L’emergenza femminicidio e la difficoltà della sinistra nel combattere battaglie con spirito bipartisan

20 Nov 2023 16:15 - di Mario Campanella

La morte di Giulia Cecchettin è stata tremenda. Così come per ognuna delle 103 donne uccise in questo anno. E tuttavia sembra innaturale scollegarla dalle altre 102, poiché è impossibile fare una classifica del dolore. Cercare di capire le ragioni perché un uomo, addirittura un ragazzino di 22 anni, uccida la propria compagna non è facile.
Si possono elencare i continui colpevoli tra scuola, famiglia, centri aggregativi ma sarebbe insufficiente.
Di sicuro, la famiglia ha subito una profonda trasformazione sin dalla fine degli anni settanta per una serie di variazioni sociali enormi.
Ma anche questo è solo un segmento, per quanto importante, che non spiega al meglio le difficoltà di entrare in empatia, l’accettazione del dolore di una separazione, che è di per sé un lutto, la difficoltà di recepire la sofferenza del distacco e di viverla per quella che è, una sensazione di solitudine e di sconfitta che va elaborata e vissuta fino in fondo come processo di maturazione.
Ha ragione Nordio quando afferma che più che una nuova legge servono sistemi di correlazione che riuniscano due universi paralleli fatti per incontrarsi.
Ci sono considerazioni da fare intorno a fenomeni che vengono automaticamente amplificati da un sistema mediatico che coinvolge i social. La prima è che non servono sistemi surrettizi di femminismo intesi e concepiti come negli anni settanta e cioè come scontro sociale.
I processi di conquista sociale presuppongono obiettivi che oggi sono completamente diversi da allora.
È corretto insistere sui sistemi educativi ma sarebbe ipocrita non censurare quelli usati nell’ultimo trentennio, poco efficaci e poco capaci di accedere alle sensibilità individuali.
Il limite che ha la sinistra, storicamente, almeno quella massimalista, è considerare ogni azione subliminale in funzione del consenso.
Lo si è visto nelle politiche antimafia, che negli anni settanta e ottanta erano interessanti e coinvolgenti e che hanno mano mano perso seduzione e interesse. Se un tema comune (lo sono la lotta alla mafia e ai femminicidi) diventa motivo di parte o di prevalenza di una parte cessa di essere condiviso.
Un’altra considerazione è la continua tentazione che ha una parte politica di trasformare tragedie in possibili opportunità di politicizzazione.
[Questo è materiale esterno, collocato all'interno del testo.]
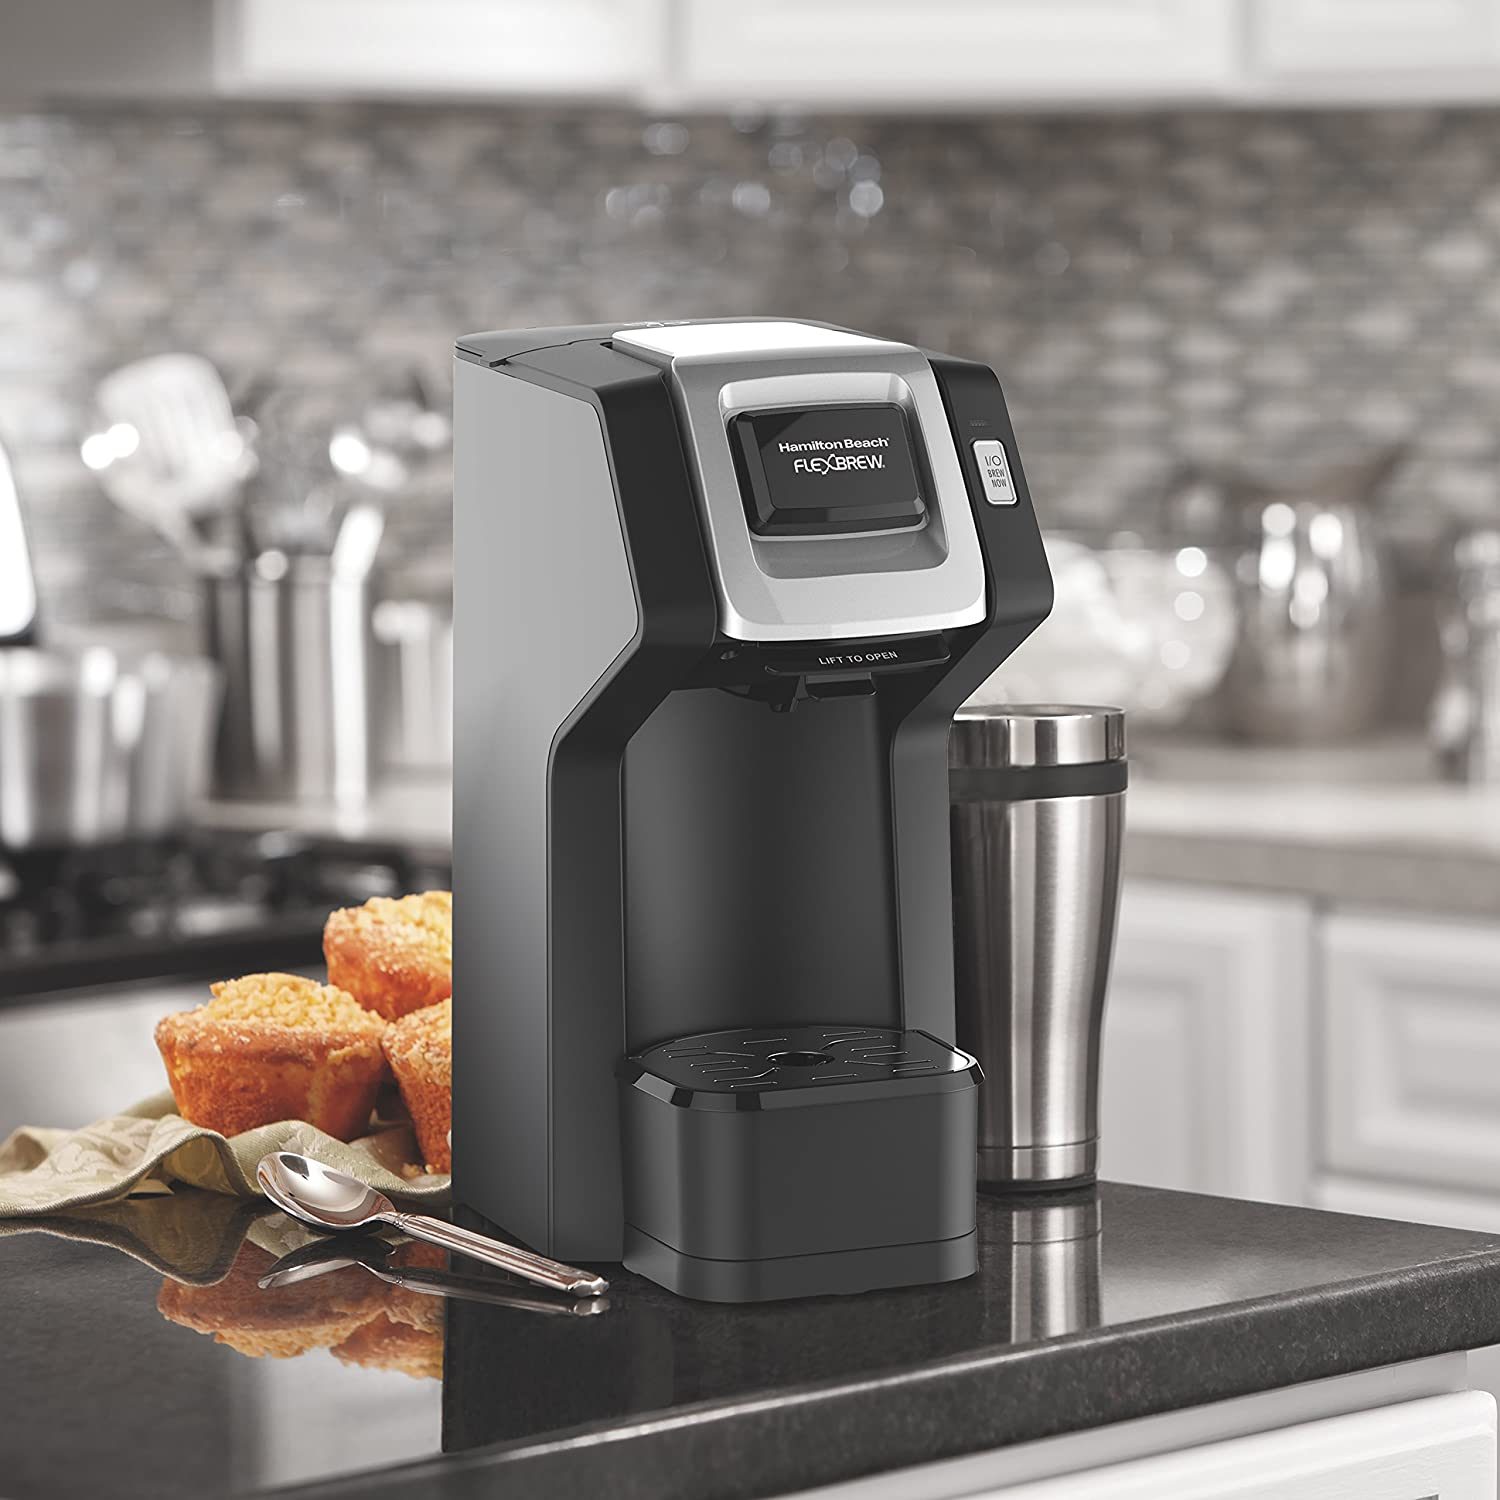 4 Best Coffee Makers for RV In 2023

È successo tante volte e rischia di succedere ancora, attraverso candidature spot che vanificano la ragione sociale dei temi trattati.
Per tanto tempo la sociologia di comunità (che ha molti meriti) ha guidato i processi politici del PCI e della sinistra pensante europea, negando in ogni modo le responsabilità individuali rispetto a quelle collettive. Se tutto è colpa della società si elide la colpa singola. Dostoevskij pare essere stato liquidato con molta leggerezza dalla narrazione dominante. Foucault più di tutti indirizzò il cambiamento ideologico della sinistra e per tanto tempo, ancora oggi, l’umanesimo liberale è stato zittito.
Se fosse possibile agire come mediazione generale dei conflitti dovremmo chiedere giustamente una reciproca collaborazione tra ogni parte attiva, mentre dopo avere accusato (con molte ragioni) il capitalismo puro di avere prodotto sperequazione e aree di degrado che favorivano la delinquenza oggi accusiamo la troppa opulenza di avere partorito mostri. E ancora invochiamo una nuova organizzazione familiare e allo stesso tempo indichiamo diverse opzioni di famiglia.
C’è abbastanza confusione e terreno di coltura per i profittatori del business del dolore e scarsa volontà di realizzare quei percorsi di conoscenza di sé stessi e degli altri che rendevano possibile l’omeostasi del passato. Fare di una questione così complessa un motivo di revanche difficilmente porterà benefici rilevanti.